Wherein n represents the number of samples, ω n Is a weight adjustment coefficient, sigma (·) represents Sigmoid function, y n Representing dataSample tag, x n Representing the data predictors. The outer bounding box loss f box The CIoU method is adopted for calculation, so that the problem of non-coincident boundary frames is solved while the convergence speed is ensured, the target regression frame is more stable, and the positioning target is more accurate, namely
Where α represents the balance weight coefficient, v measures the similarity of aspect ratios, ρ (b, b) gt ) Representing the calculation of the prediction box b and the target box b gt The Euclidean distance between the center points, c, represents the diagonal distance of the smallest bounding rectangle that can contain both the predicted and target frames, and IOU represents the calculated intersection ratio of the predicted and target frames.

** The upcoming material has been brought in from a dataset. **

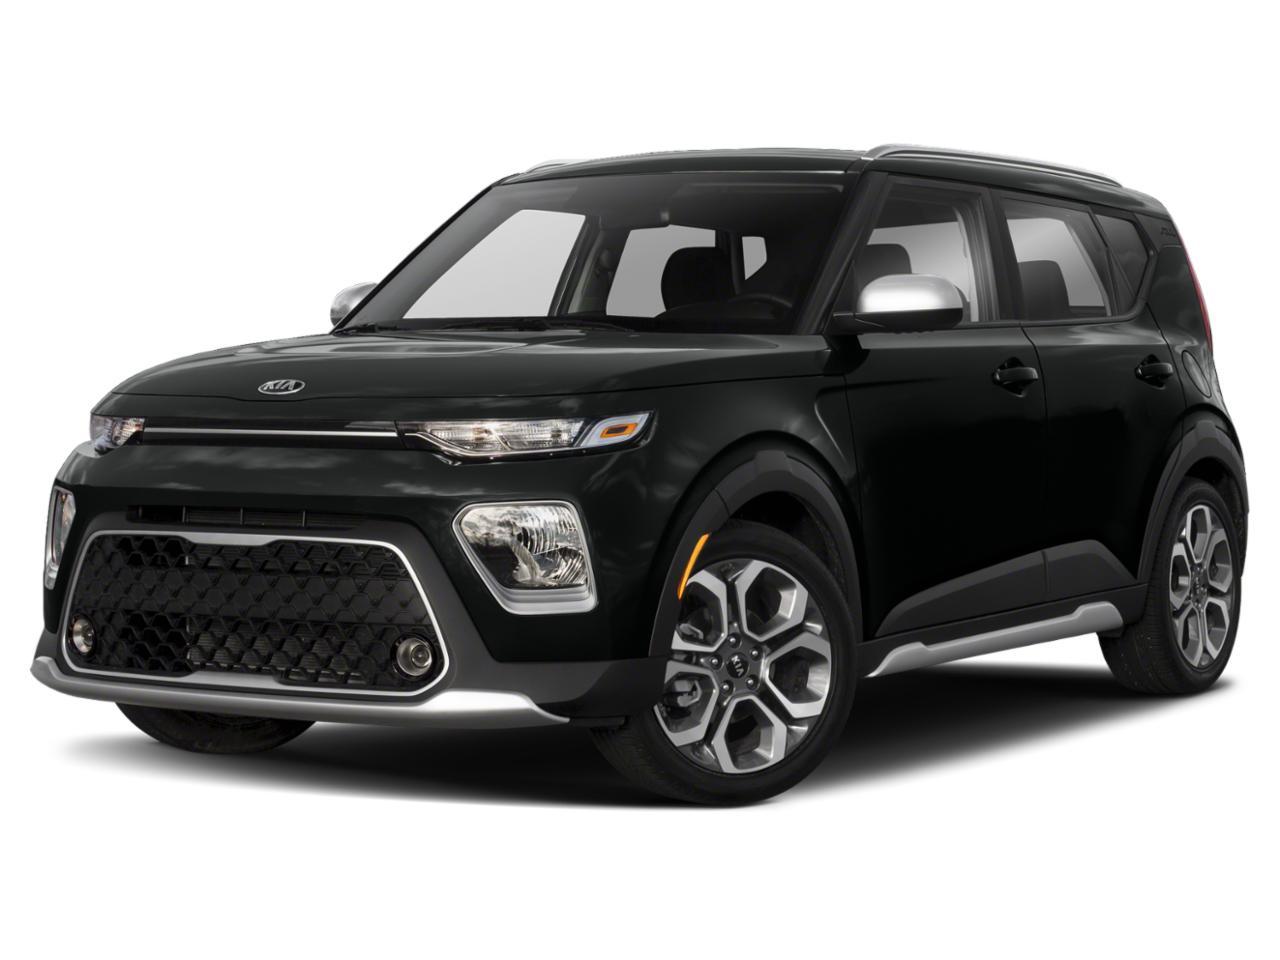 2020 Kia Soul Vehicle Photo in Cary, NC 27511

2 lightweight traffic sign detection model
According to the invention, a lightweight convolutional neural network MobileNeXt is adopted as a backbone network of Yolov5s for model reconstruction. Sandglass Bottleneck in the MobileNeXt network places shortcut between the high-dimensional feature representations from the bottleneck structure based on the inverted residual block and uses deep convolution to encode spatial information on the high-dimensional features. The bottleneck structure adopts 1X 1 point-by-point convolution coding channel information, the input feature images are weighted and combined in the depth direction to obtain new feature information, the zero phenomenon of target feature extraction is avoided, and the two-time depth separable convolution at the head and tail positions reserves more space information of the traffic sign target to be detected, so that the improvement of the detection performance is facilitated. The special structure of Sandglass Bottleneck allows high-dimensional feature information to be transferred from the bottom layer to the deep layer, while the model requires fewer parameter amounts than the same model, and better performance can be achieved with a considerable computational expense. The structure of the lightweight convolutional neural network MobileNeXt as a new backbone network is shown in table 1.
Table 1 architecture of lightweight backbone networks
The MobileNeXt is combined and reconstructed with the Yolov5s model at the network depth of 0.33 and the network width of 0.50, so that the lightweight Yolov5s-MobileNeXt traffic sign detection model is obtained under the condition that the whole detection network structure is basically unchanged, and the parameters of the detection model are obviously reduced based on the characteristics of the depth separable convolution and residual structure.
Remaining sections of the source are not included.